>>Henry Blodget (born 1966) is an American former equity research analyst, currently banned from the securities industry, who was senior Internet analyst for CIBC Oppenheimer during the dot-com bubble and the head of the global Internet research team at Merrill Lynch. Blodget is now the editor and CEO of The Business Insider, a business news and analysis site, and a host of Yahoo Daily Ticker, a finance show on Yahoo.
>>Blodget received a Bachelor of Arts degree from Yale University and began his career as a freelance journalist and was a proofreader for Harper's Magazine. In 1994, Blodget joined the corporate finance training program at Prudential Securities, and, two years later, moved to Oppenheimer & Co. in equity research. In October 1998, he predicted that Amazon.com's stock price would hit a pre-split price of $400 (which it did a month later, gaining 128%).
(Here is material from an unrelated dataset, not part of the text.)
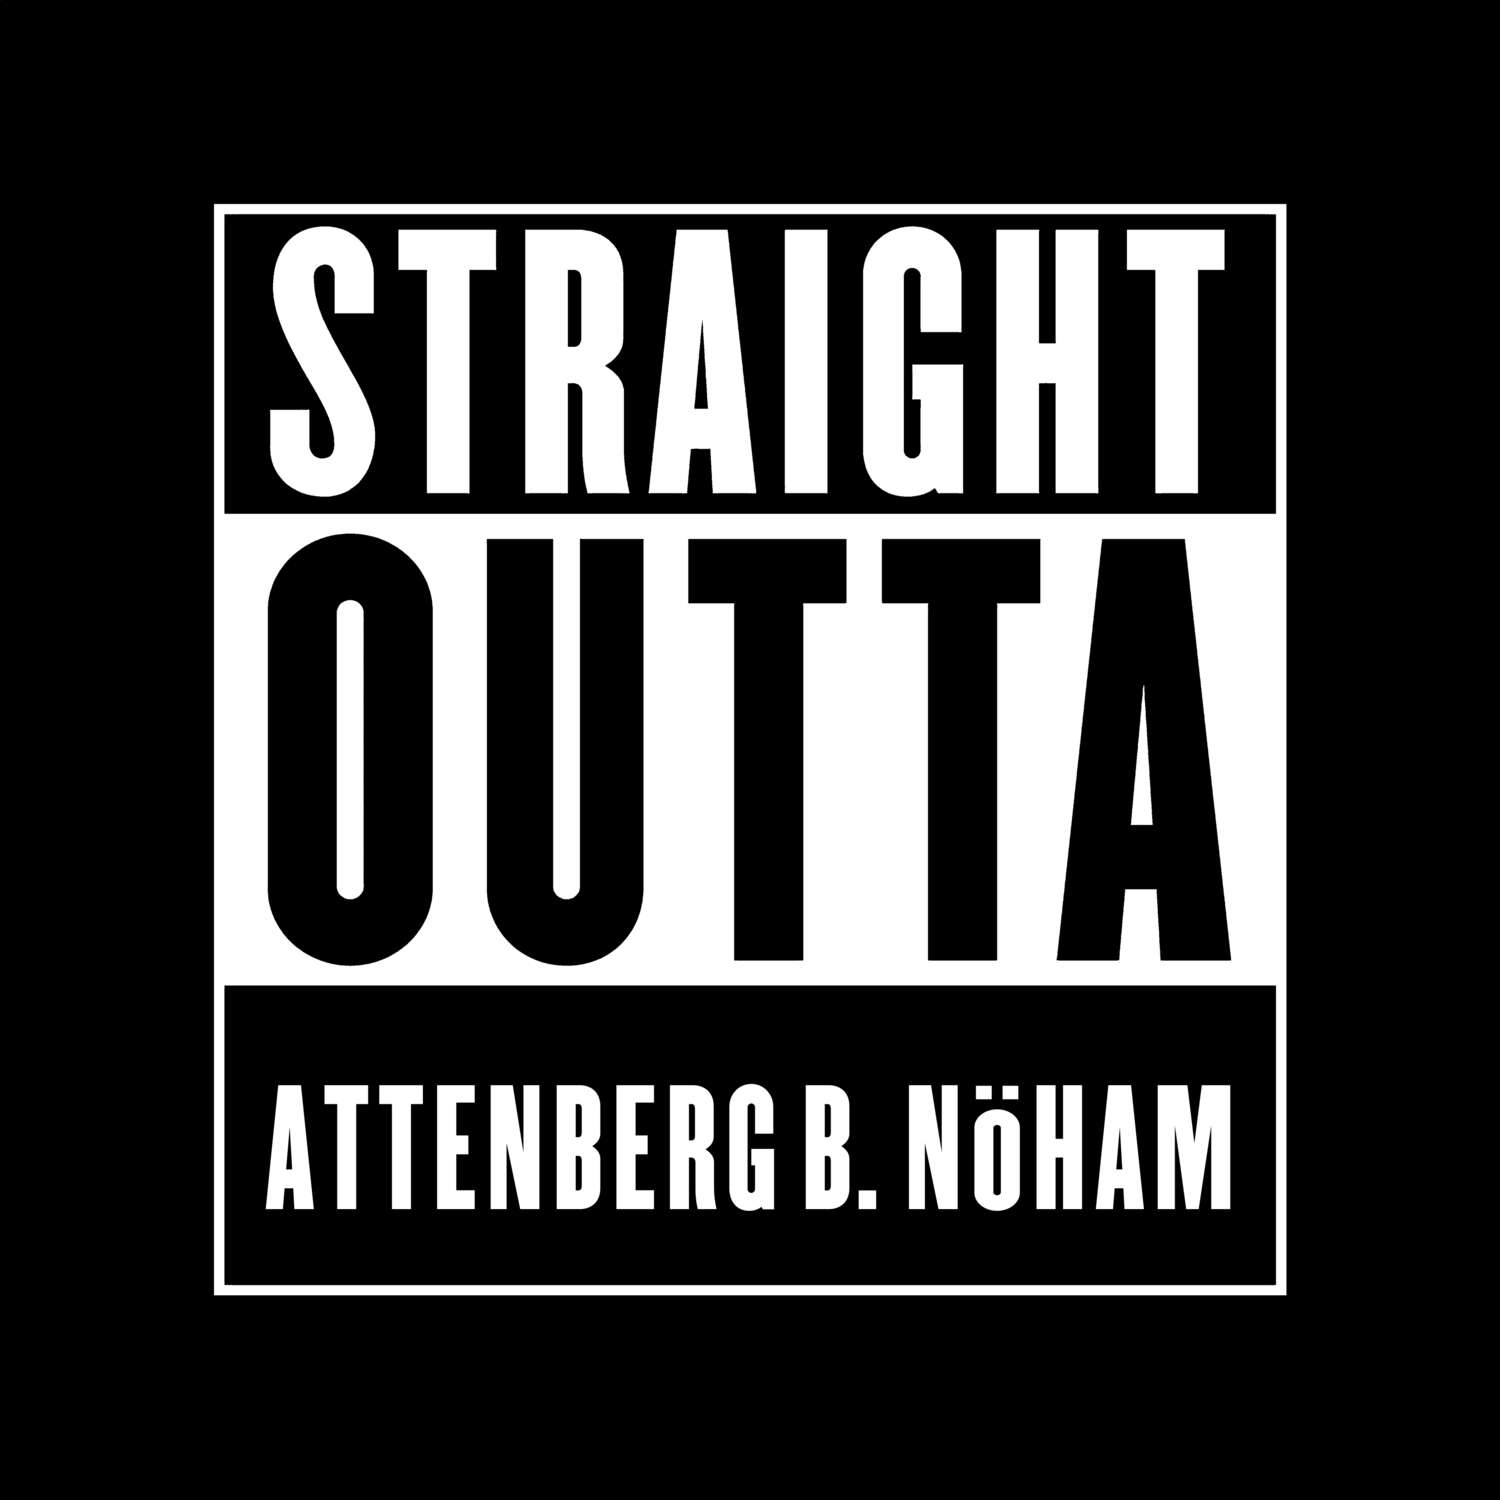 Attenberg b. Nöham T-Shirt »Straight Outta«

>>This call received significant media attention, and, two months later, he accepted a position at Merrill Lynch. In early 2000, days before the dot-com bubble burst, Blodget personally invested $700,000 in tech stocks, only to lose most of it in the years that followed. In 2001, he accepted a buyout offer from Merrill Lynch and left the firm.
>>In 2002, then New York State Attorney General Eliot Spitzer, published Merrill Lynch e-mails in which Blodget gave assessments about stocks which conflicted with what was publicly published. In 2003, he was charged with civil securities fraud by the U.S. Securities and Exchange Commission. He agreed to a permanent ban from the securities industry and paid a $2 million fine plus a $2 million disgorgement."
This is what made me spit out my drink at the top of page 2
But that crash was a product of investors’ and analysts’ overexuberance (sorry!),
not evidence of a fundamental flaw in the tech industry’s start-up ecosystem.
Woah that guy replied to one of my tweets a few weeks ago and I had no idea who he was. Apparently that was a pretty awesome tweet reply, was wondering why my followers went up.
You should read this guy's story. Read his settlement. You might observe that the companies he was reporting on were far more deceptive than he was. He was but a pawn in their game. You might even conclude he was more or less the fall guy for some of the fraudulent individuals running those companies, who, if I'm not mistaken are still active in the industry and probably still taking on investments. Or you might not. It's worth reading anyways, as we make our way through another bubble.
I would also question the rest of the analysis as well.